> What this task involves
A verbatim copy of the listing is needed; pictures are to be left out.

> Dataset extract
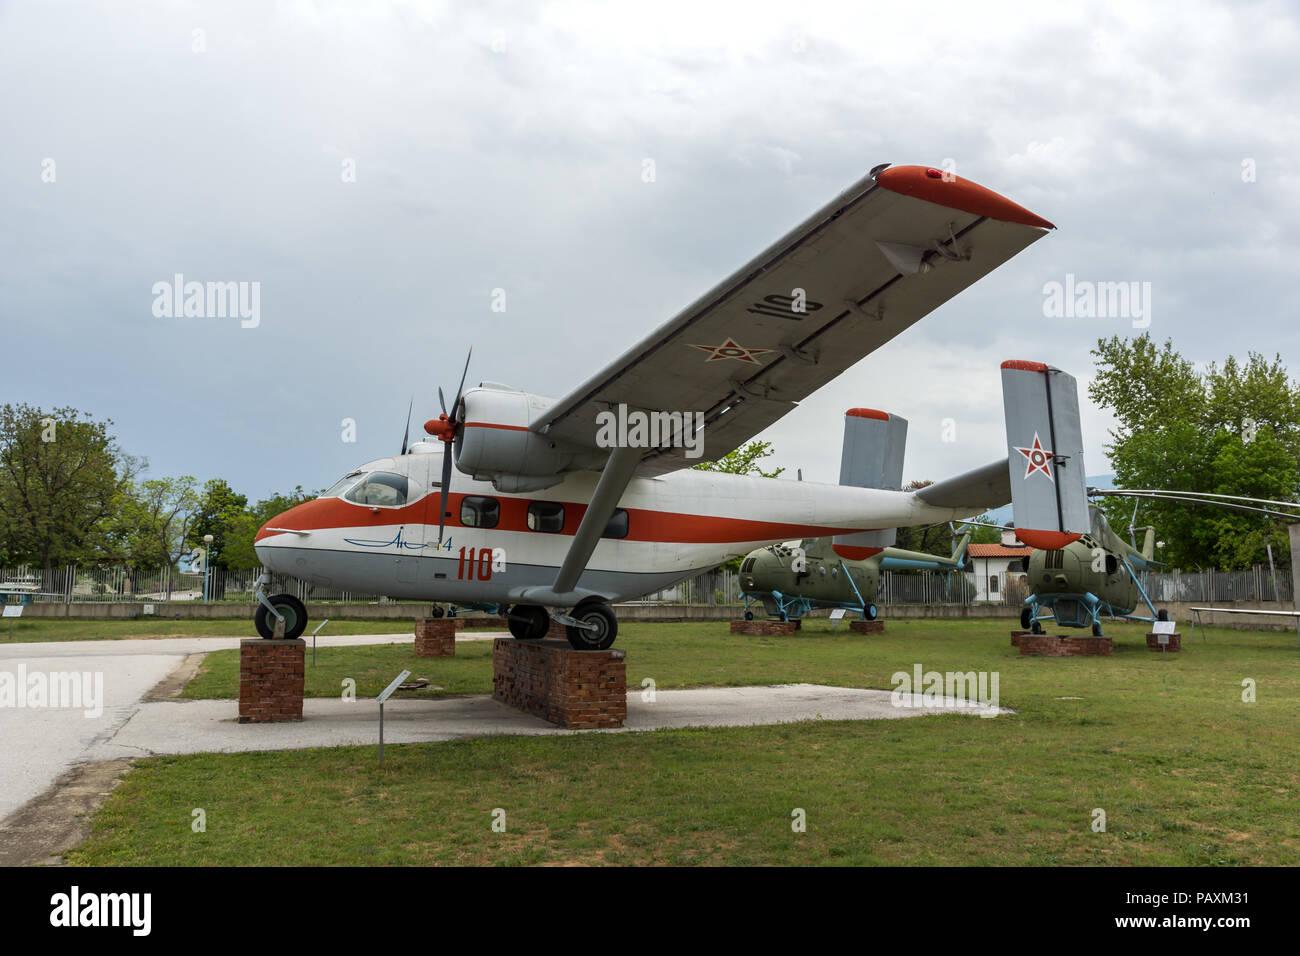 KRUMOVO, Plovdiv, Bulgarien - 29 April 2017: Aviation Museum in der Nähe von Flughafen Plowdiw, Bulgarien Stockfoto
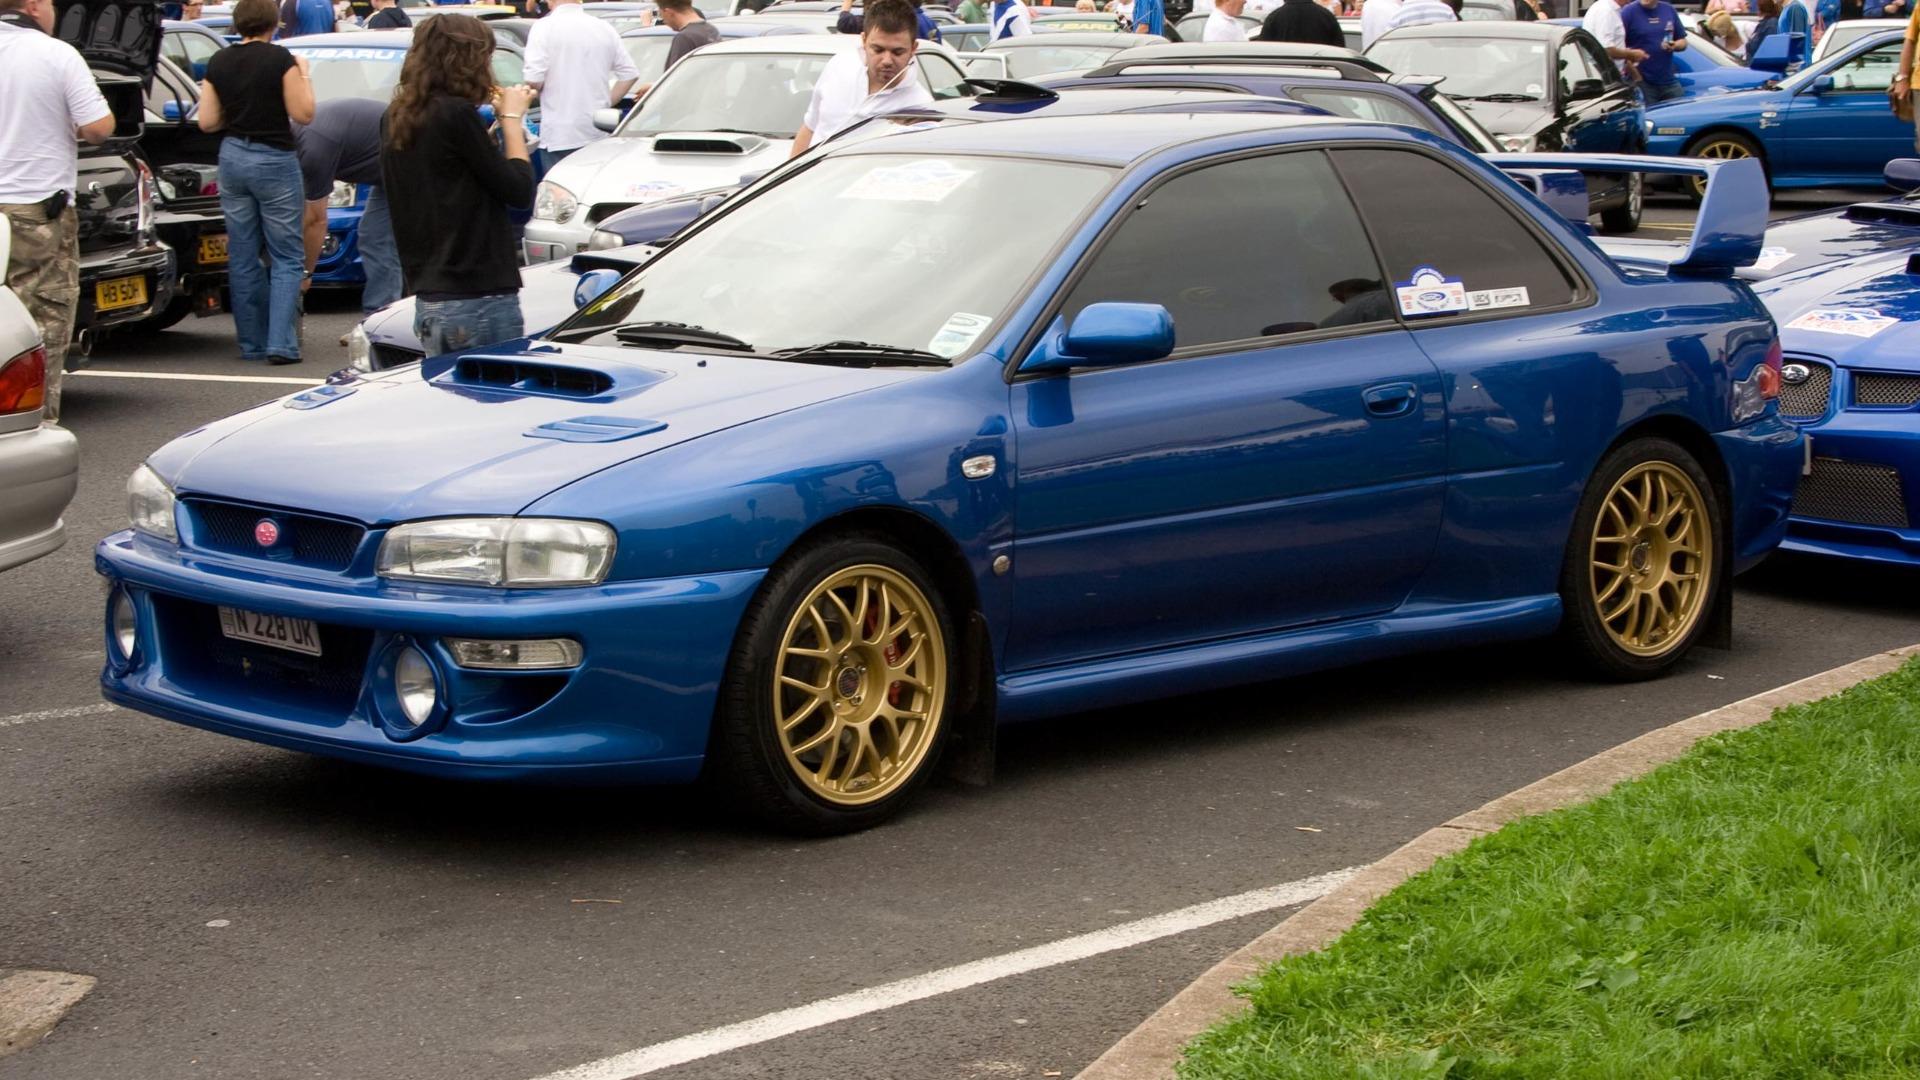 Subaru Impreza 22B STi (Lorden)
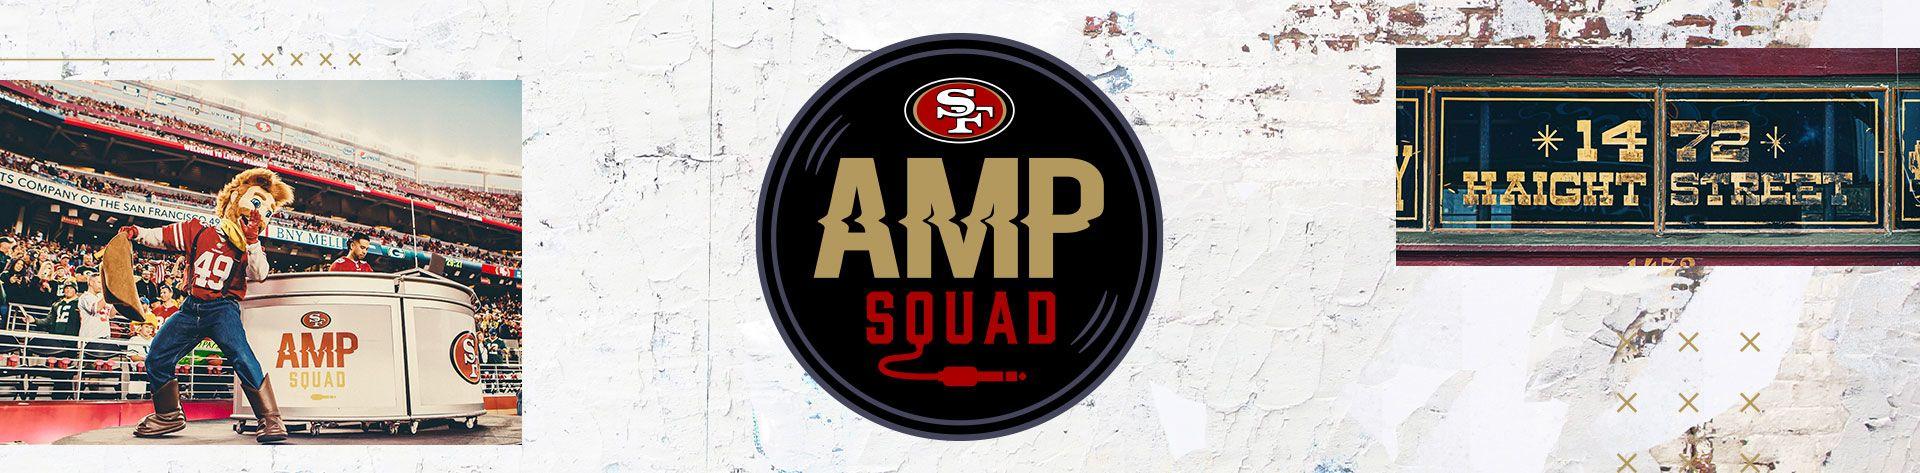 AmpSquad-HEADER

> Response to the exercise
 KRUMOVO, Plovdiv, Bulgarien - 29 April 2017: Aviation Museum in der Nähe von Flughafen Plowdiw, Bulgarien Stockfoto
 Subaru Impreza 22B STi (Lorden)
 AmpSquad-HEADER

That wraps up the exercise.